Content starts
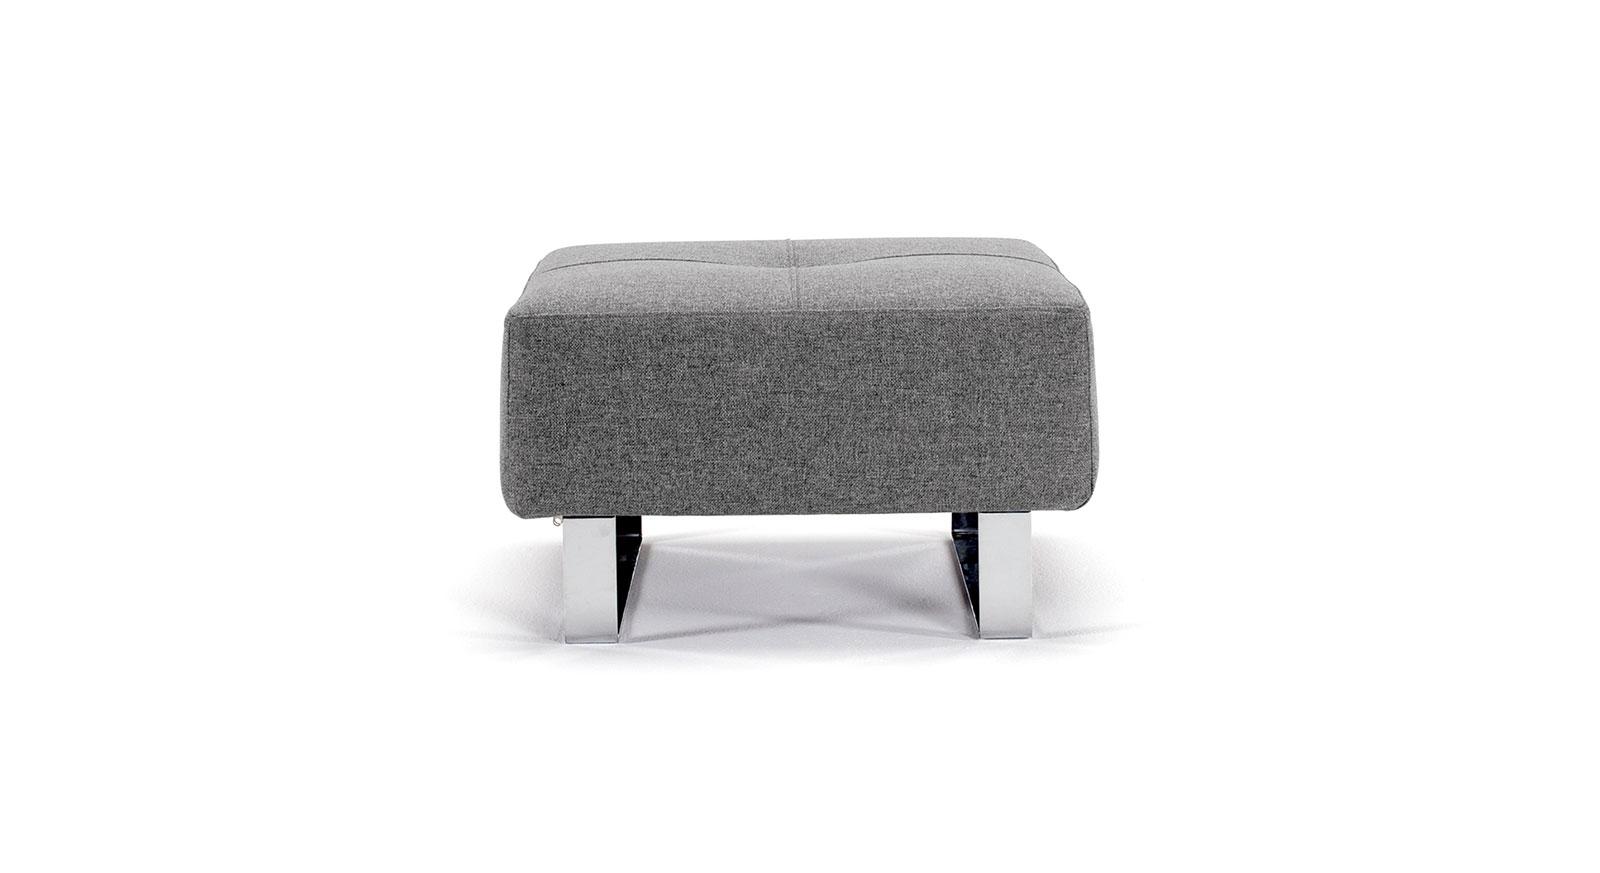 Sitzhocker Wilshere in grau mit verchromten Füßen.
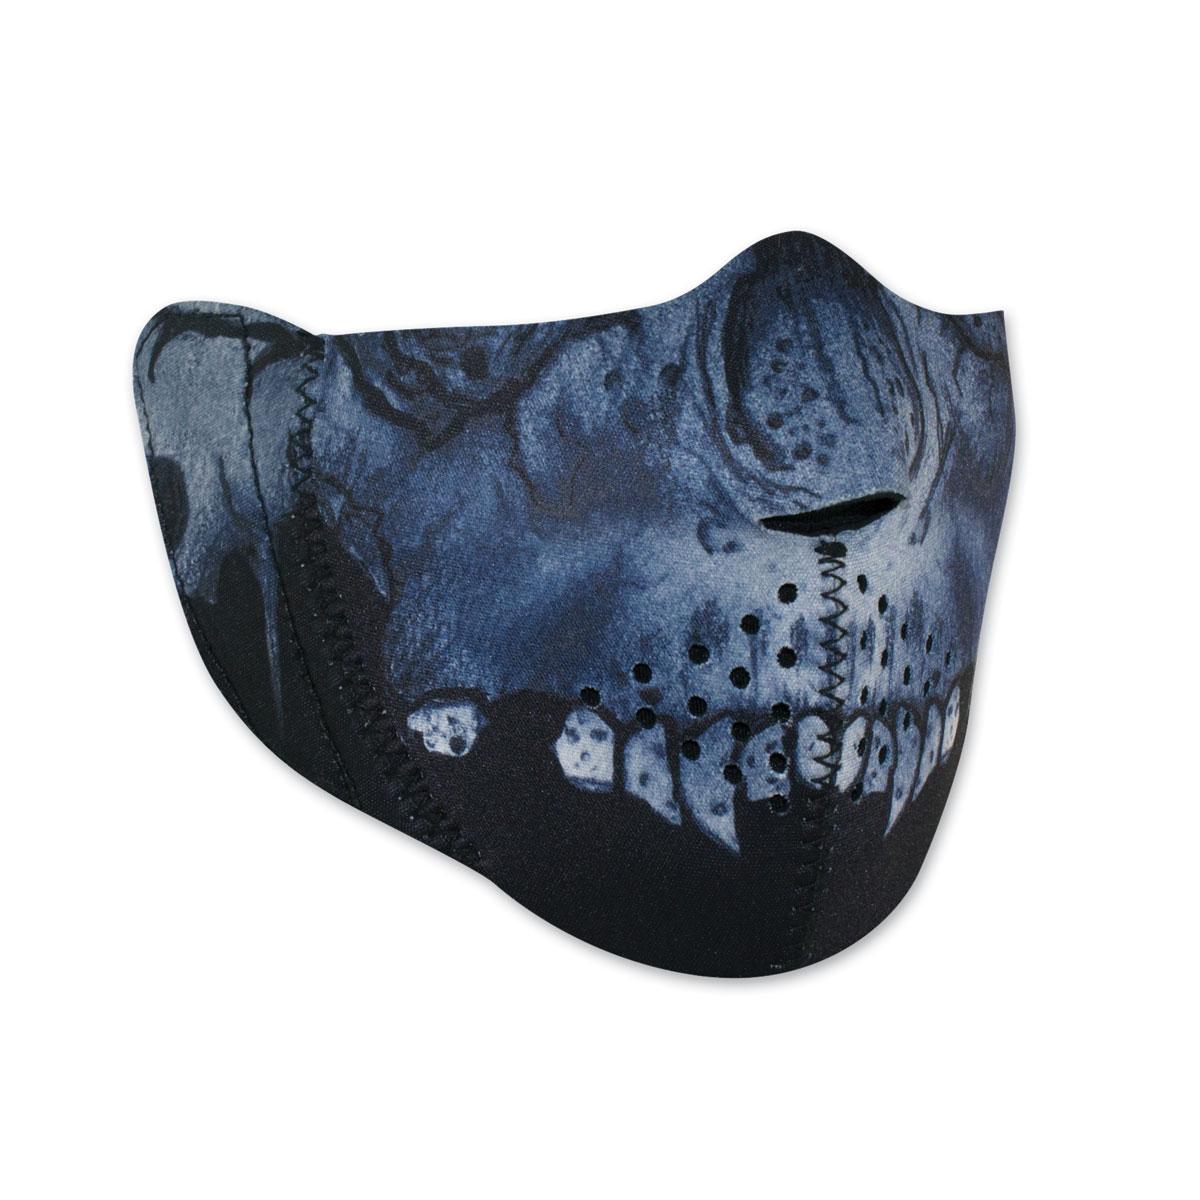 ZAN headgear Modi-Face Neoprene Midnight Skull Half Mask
Content ends
Content starts
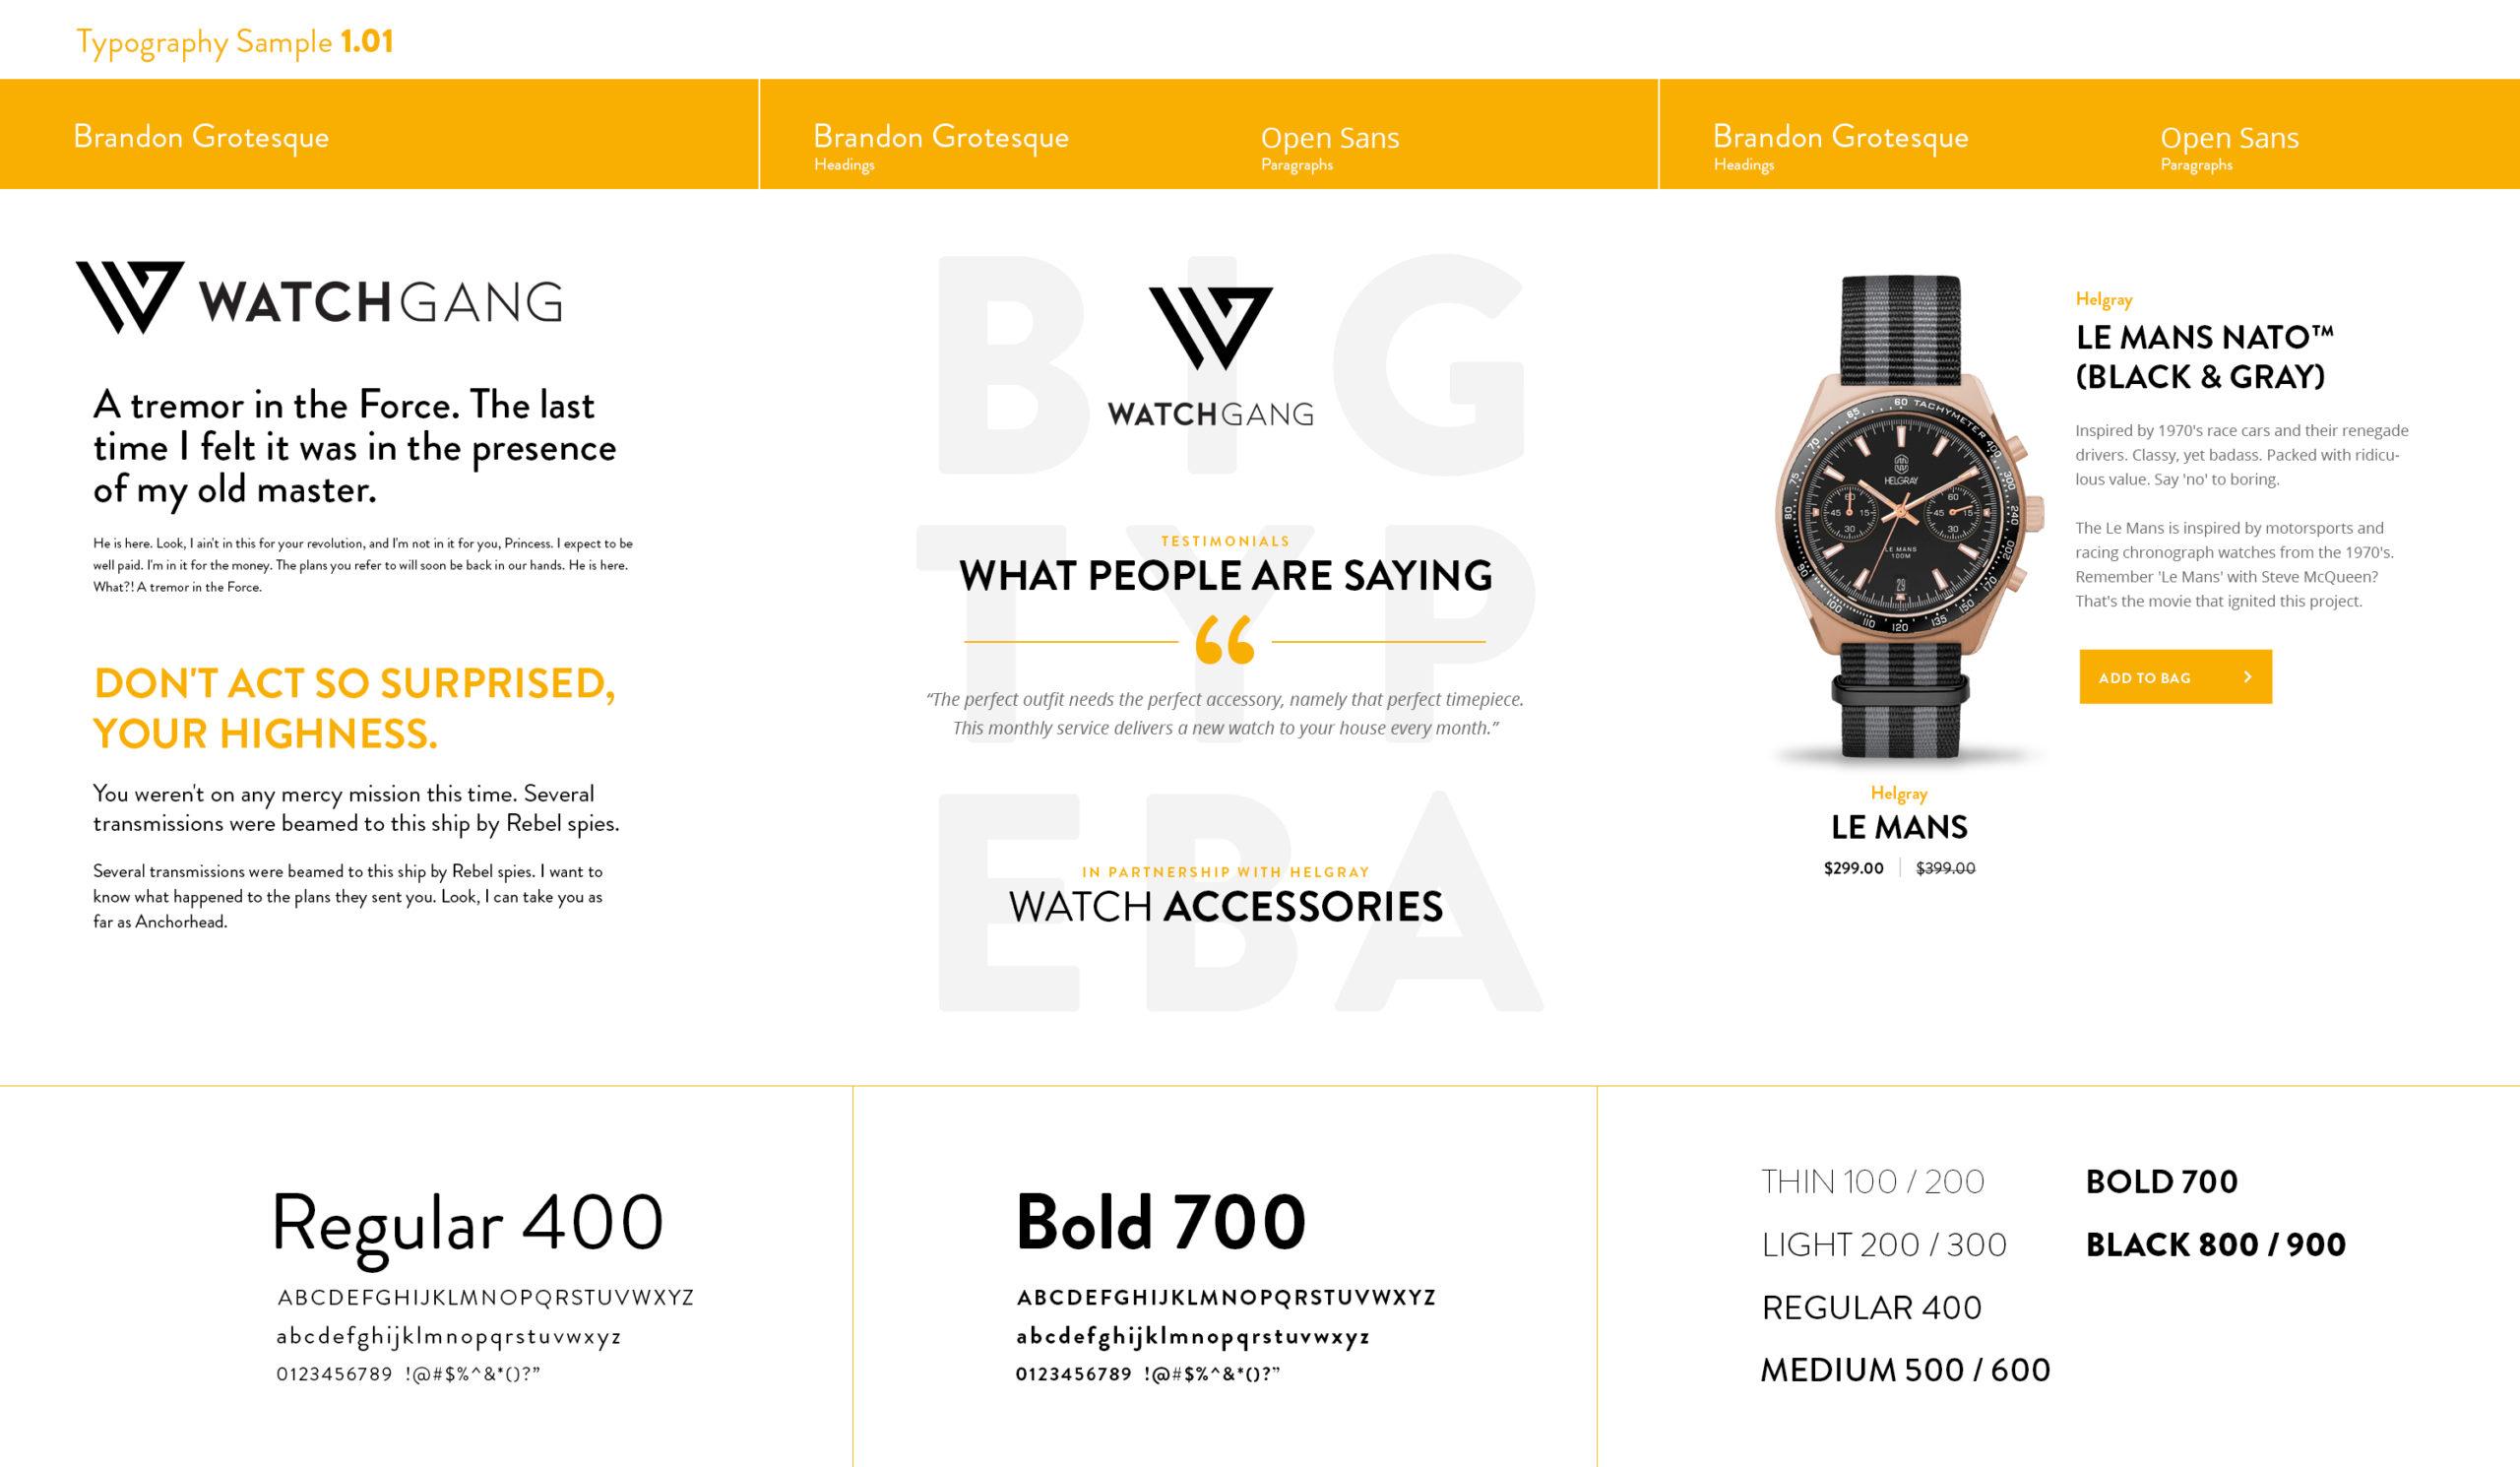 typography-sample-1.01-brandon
Content ends
Instructions for the task → Line for line, output the entries above from the line with "Sitzhocker Wilshere in" to the line with "ZAN headgear Modi-Face", both included, and nothing more. Skip pictures.

Solution below →
 Sitzhocker Wilshere in grau mit verchromten Füßen.
 ZAN headgear Modi-Face Neoprene Midnight Skull Half Mask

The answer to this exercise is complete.